Correlation plots of pre-treatment densities of total T cells (a, b), CD8⁺ T cells (c, d), PD1⁺ T cells (e, f), and PD1⁺CD8⁺ T cells (g, h) with pre-treatment densities of PD-L1⁺ macrophages (b, d, f, h) and/or PD-L1⁺ tumor cells (a, c, e, g) are shown. R and p from Pearson’s correlation. Gray shaded area represents 95% confidence region.

Fig. 7. Intralesional anti-PD-1 did not decrease tumor cell proliferation or increase tumor cell apoptosis.
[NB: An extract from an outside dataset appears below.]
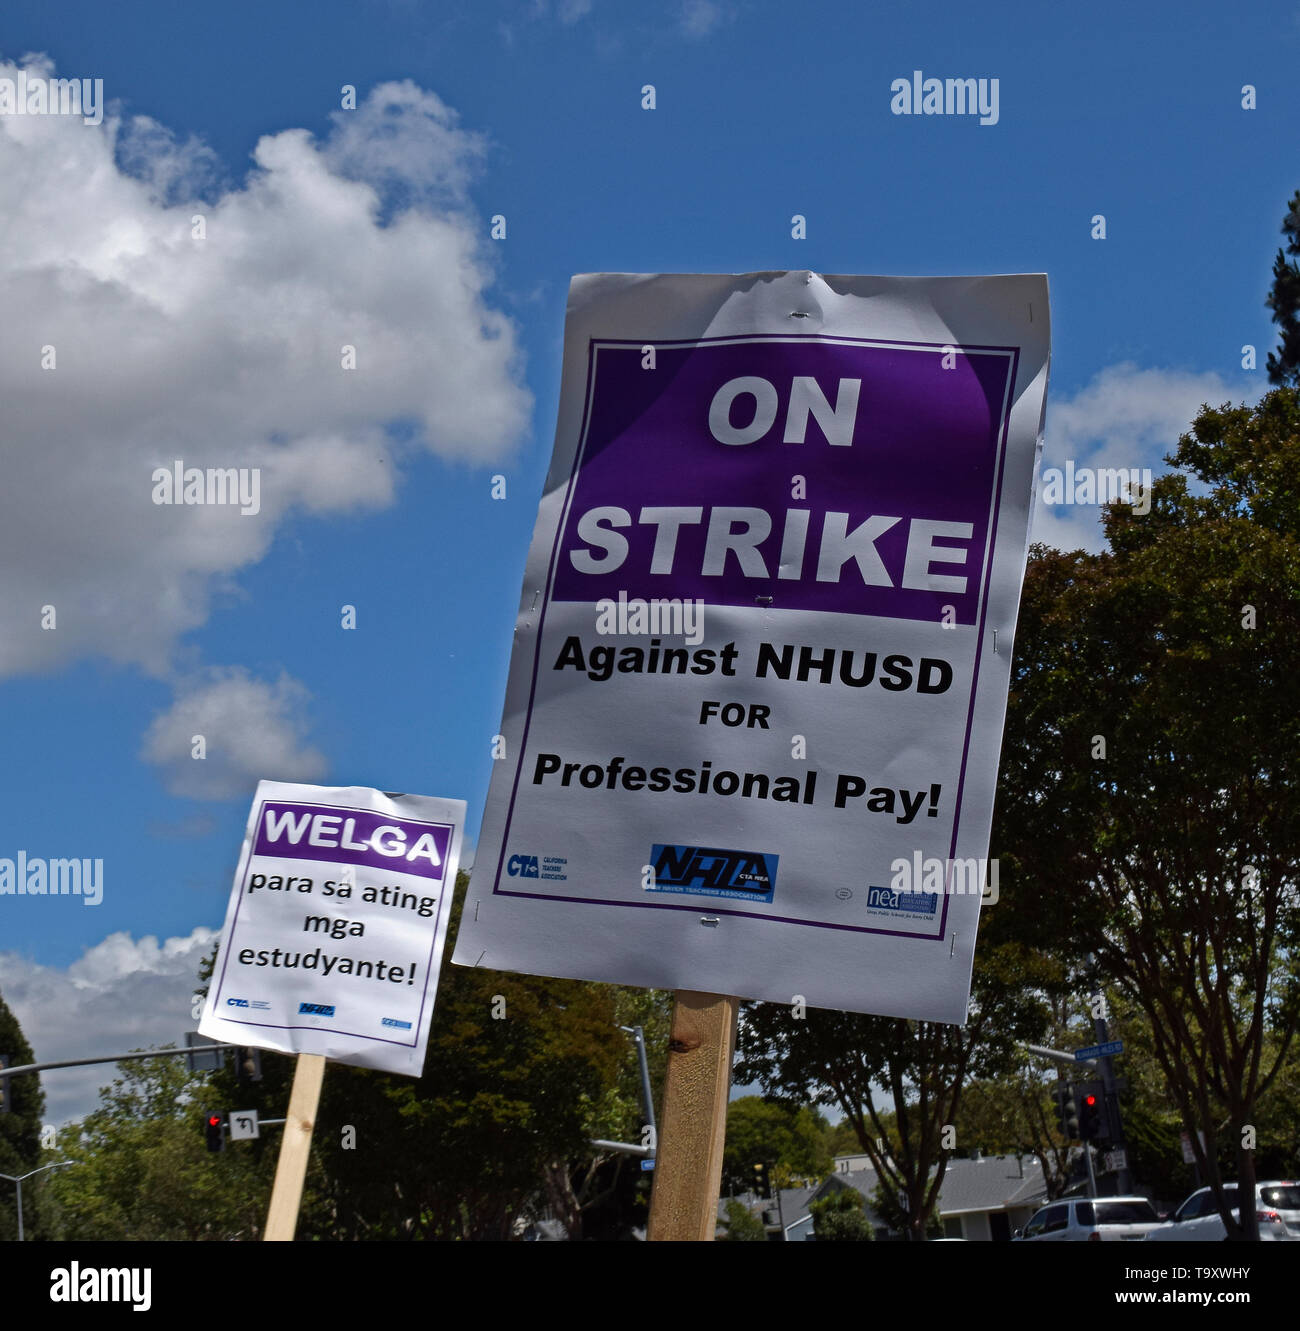 on strike picket signs in multiple languages, for professional pay, by New Haven Teachers Association against the New Haven Unified School District in Union City, California, on May 20, 2019 Stock Photo

Proliferating Ki67⁺ tumor cell densities (a) and cleaved caspase 3 (CC3) positive tumor cell densities (b) at timepoint 0 (pre-therapy) and timepoint 1 (post-therapy) are shown. The bounds of each box represent the interquartile range (IQR). The horizontal line within a box is the median. Whiskers extend to the largest and smallest values no further than 1.5*IQR. Outlying points beyond the ends of the whiskers are plotted individually. Each pair of connected points represents one patient’s data; p-values are derived from paired t-tests.